Even long-distance travel won’t be cheap in 2023, so between 30 and 50 percent of Germans have holidayed in their own country in recent years. City trips to regions where people are friendly and polite and welcome strangers with open arms would be enjoyable. At least in big cities, this is not always the case, like one Survey by language learning platform Preply now show.

According to this, Essen is the rudest of the 20 largest German cities. However, this is not said by holidaymakers, but by the residents themselves: The market research company Censuswide asked 1,525 people in major German cities how often they observed rude behavior at their place of residence. A total of twelve aspects were questioned, ranging from ‘cars don’t slow down when they see pedestrians’ to ‘people use loudspeakers to make phone calls in public’.

Essen, Dresden and Frankfurt are the rudest

Respondents were asked to rate on a scale of 1 to 10 how often they observed these behaviors in their city. The higher the score, the more common. From the responses, Censuswide calculated the average value for each city. The food got the most points. On average, residents gave here 6.47 points. The Ruhrpott city scored the worst in ten of twelve categories, including ‘Being Loud in Public’, ‘Closed Body Language’ and ‘Disrespecting Personal Space’.

Ranked second among the rudest German cities Dresden with a score of 6.12. Here, most of the people in public are constantly looking at their smartphones and are very rude to the service personnel, such as waiters or salesmen. The other places in the general classification follow Frankfurt on the Main (6.00 points), Colony (5.99) and Dortmund (5.93).

So while two Ruhrpott cities are among the five rudest cities in the country, Germany’s most polite city is also in the metropolitan region. Bochum achieves the best score with an average of 5.17 points, beating Bremen (5.35), Hanover (5.49) and Nuremberg (5.53).

Bochum is the most educated city in Germany

Bochum has the best rating in six categories. Among other things, the city has low values ​​of 4.08 for “rudeness towards service personnel” and 4.23 for “telephoning with loudspeakers in public”. Bremen wins two categories. On the one hand, very few people in public on the Weser seem to be constantly looking at their smartphone and, far more importantly, very few watch videos in public without headphones. Hannover and Münster share the last three category victories. In the student city of North Rhine-Westphalia, for example, very few people make their way through the ranks.

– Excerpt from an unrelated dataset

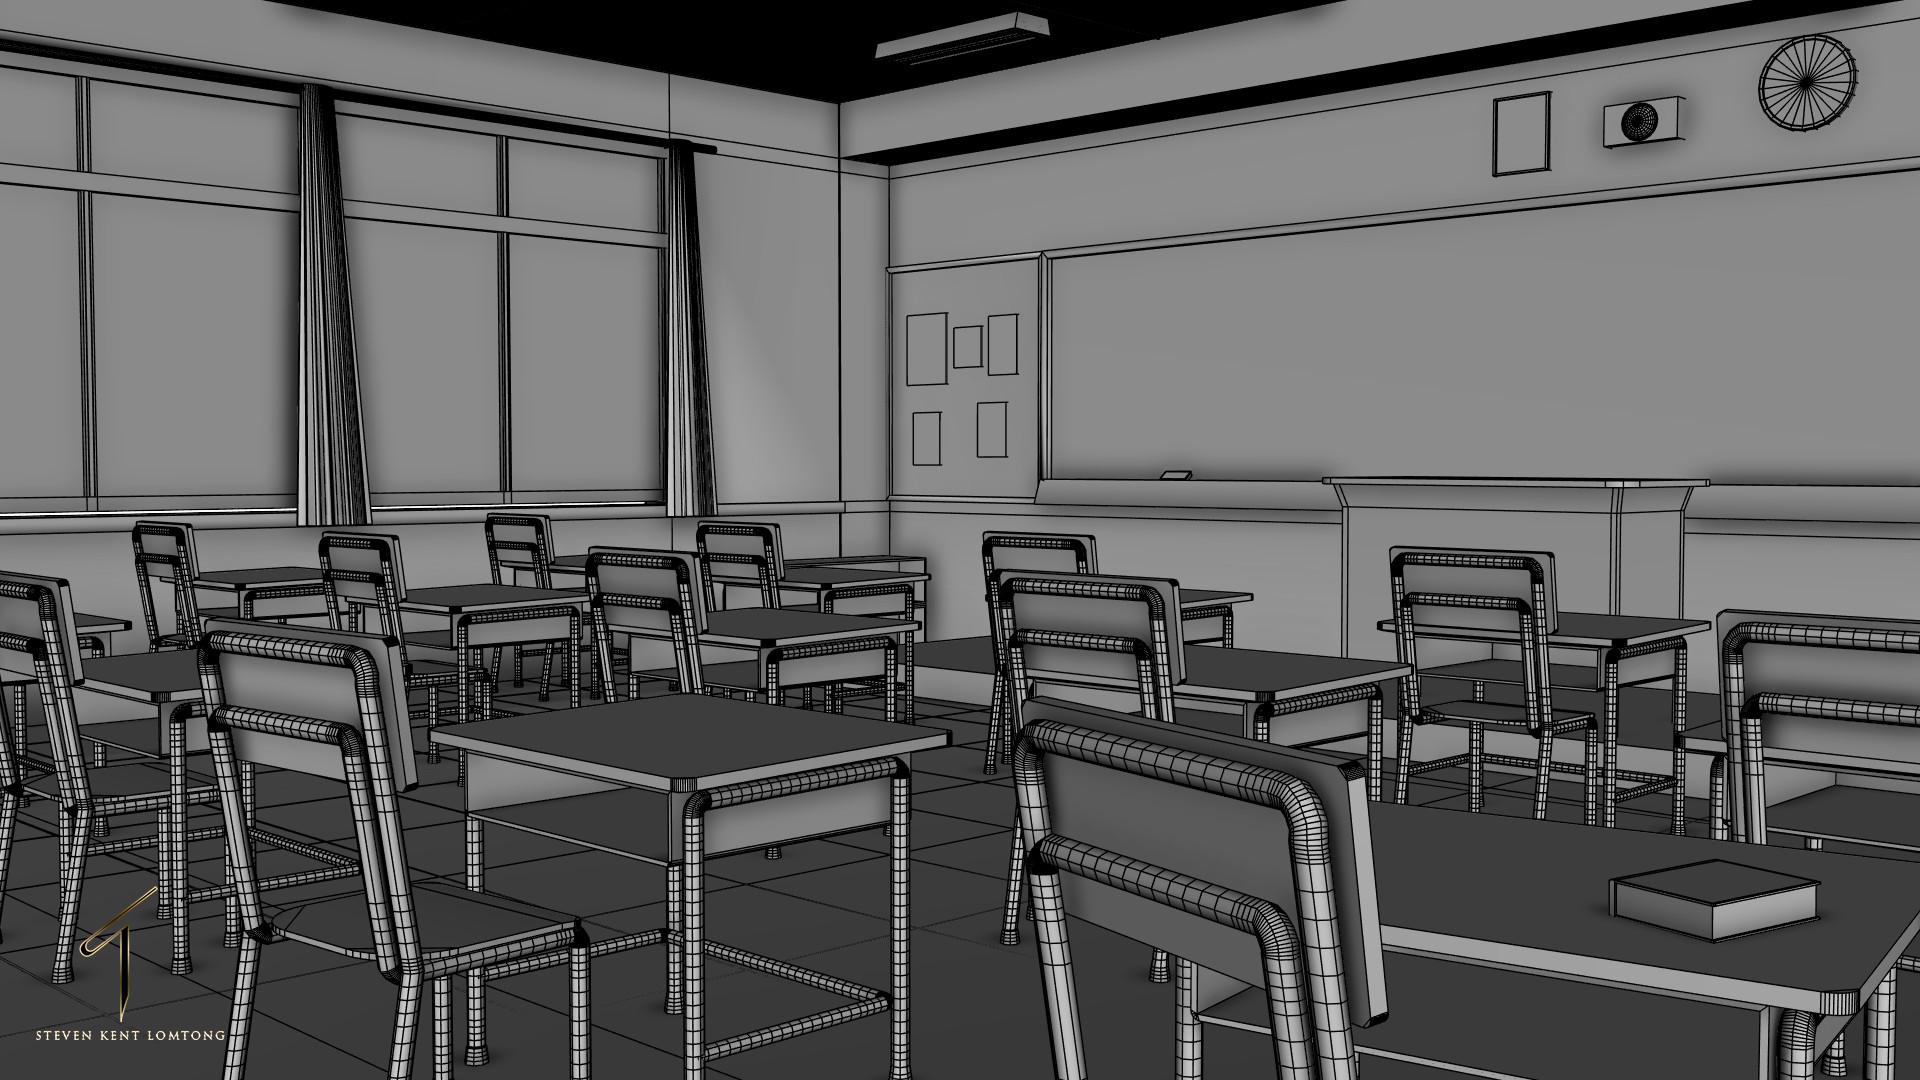 Steven Kent Lomtong - Anime Classroom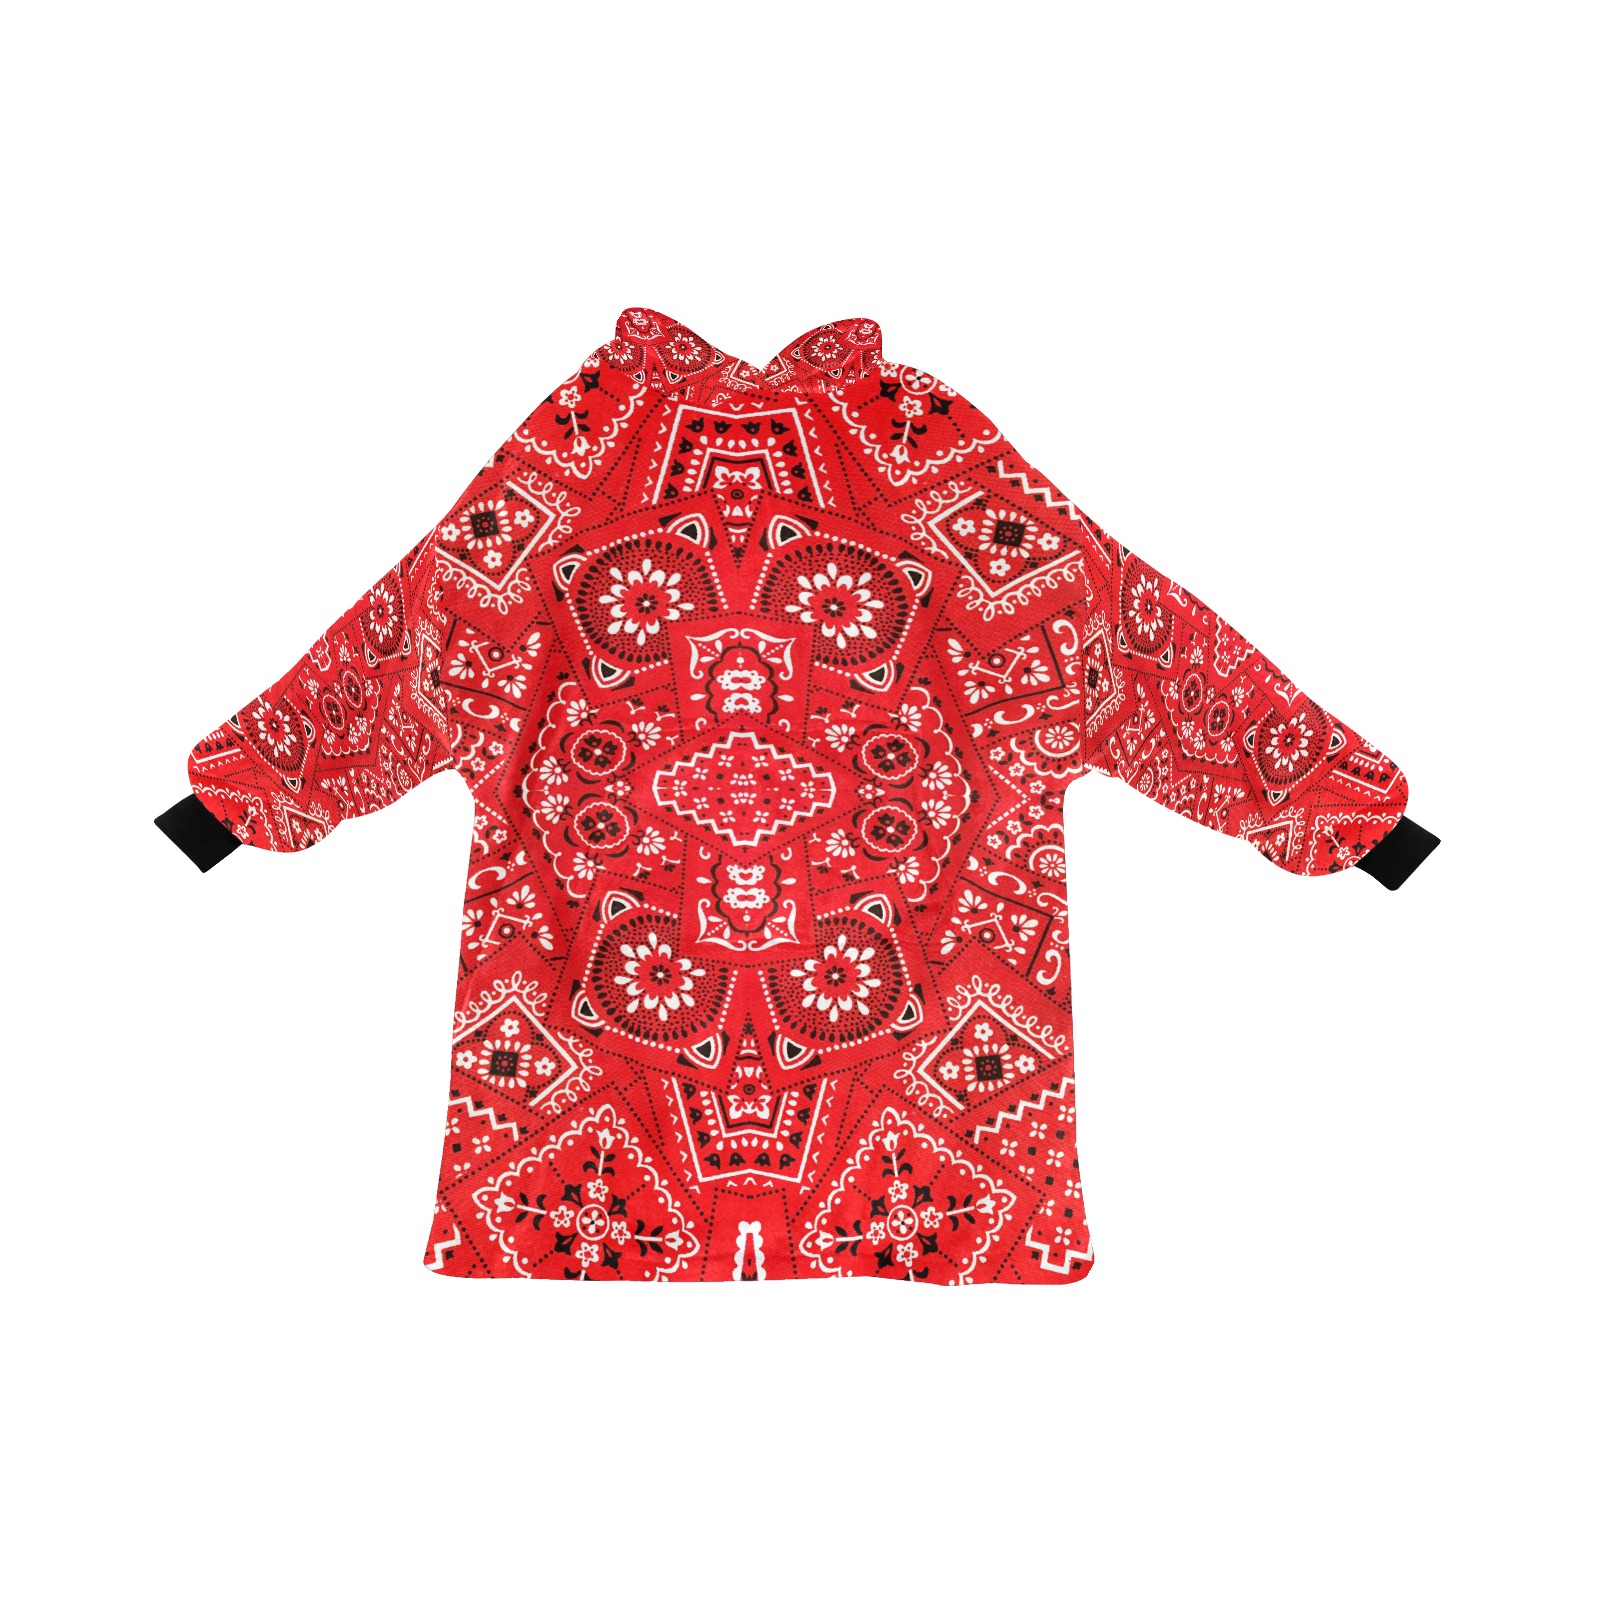 Red Bandana Squares / Black Cuff Blanket Hoodie for Men

But Preply wanted to know more, including whether residents think it’s locals or newcomers that are misbehaving. The response brings a clear draw across the country. 57 percent of those interviewed are unable or unwilling to commit themselves, of the remaining 43 percent only a narrow majority blame the newcomers. This is more pronounced in Leipzig and Dusseldorfwhile in Münster and Dresden it is mainly the locals who are considered rude.

However, the poll should generally be viewed with humor. First, the data is not representative. The only criterion for participation was that a respondent had to have lived in the respective city for at least one year. Secondly, even the rudest city in Germany is really not rude. On a scale of 1 to 10, the average is 5.5. So Essen doesn’t even beat him by a full point. Also, the national average is 5.84, which is pretty much in the middle of the scale. And thirdly, the difference between the rudest city in Essen and the most polite in Bochum is only 1.3 points. Nothing stands in the way of a pleasant summer city trip in a large German city, at least not the kindness of the residents.